Is this repository represent your earlier version or actual BAM implementation.? As in code all losses = Meta+base+Final

if this repository represents the implementation of BAM (separated trained). To get the paper results, do I need to add a base learner to the total loss for the training of meta learner. Secondly, although the base learner is not updating during meta training how adding base loss in meta training will not affect the total loss of meta.

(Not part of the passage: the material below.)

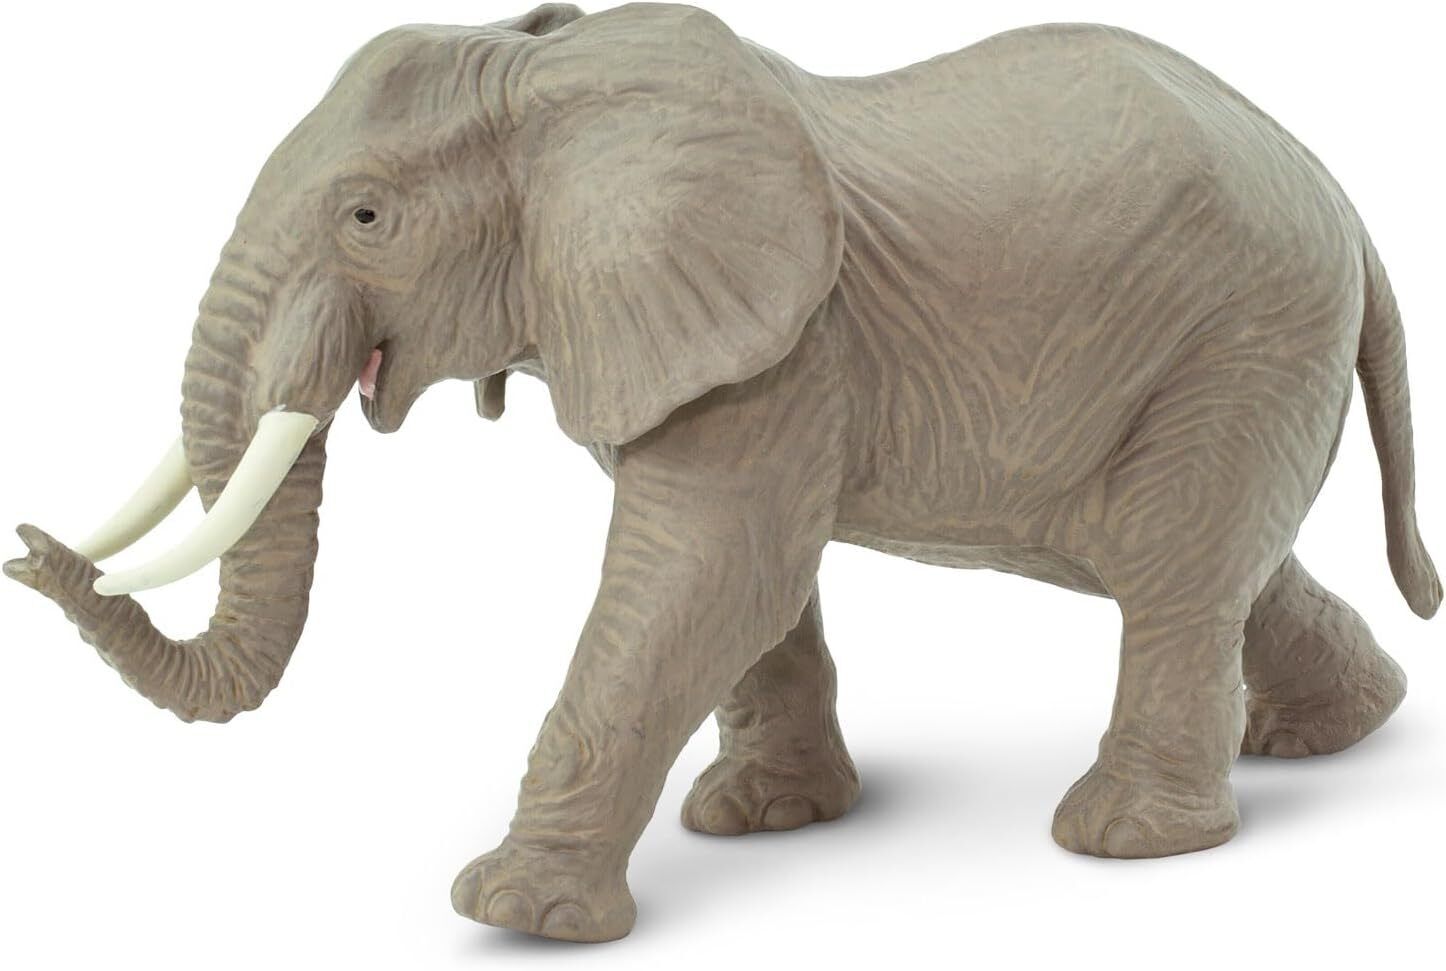 Safari Ltd. African Elephant Toy Figurine - Detailed, Hand-Painted 6.5

chunbolang commented 2 years ago
  1. This repo could reproduce our results in the paper. You can directly use it, or detach the base loss to further ensure that the params of the rest are not affected.
  2. No meta-learner's parameters are involved in the calculation of the base loss, that is, no gradient.
Ehteshamciitwah commented 2 years ago

Thank you for your responses. As you are training in two steps.

  1. Train base learner on all base classes or seen classes(16 in pascal) with the supervised method.
  2. Train meta learner and ensemble together on the same base classes which we use for base learner. Meta will give us one class query mask and the base learner will give us all classes masks including query mask in training. How this base learner output will be useful in training phase.
    How ensemble work actually.
chunbolang commented 2 years ago

Hi, I seem to understand your concern.

The output of the base learner regarding this class is removed when training the meta-learner and the ensemble module, please refer to here.

During the meta-testing phase, all output channels are valid.

Ehteshamciitwah commented 2 years ago

Thank you to get my point and explaining it. it really clears my understanding. as it was not explained on paper. So that's why I was confused. Thank you very much.

chunbolang commented 2 years ago

You're welcome, feel free to contact us~!

Ehteshamciitwah commented 2 years ago

Thank you for your continuous guidance.
In the paper, What is the reason to use PSP variant in base learner and PFE variant in Meta Leaner? Although we have more powerful meta-frameworks ( HSNet,VAT) and Base framework respectively. Secondly, why not use google inception or other backbones for the encoder. Any ablation study ? Thank you

chunbolang commented 2 years ago

In fact, it has to do with the time we embarked on this project when HSNet was just being proposed and most of the work was based on PFENet. As for base learners, PFENet builds models largely based on PSPNet, which is convenient for us to use.

We believe that stronger base/meta learners lead to more performance gains. Currently, we are conducting related experiments and may subsequently mention it in a more complete version of this work.

Looking forward to your further attention.

Regards,

Ehteshamciitwah commented 2 years ago

Looking forward to your next version. best of luck.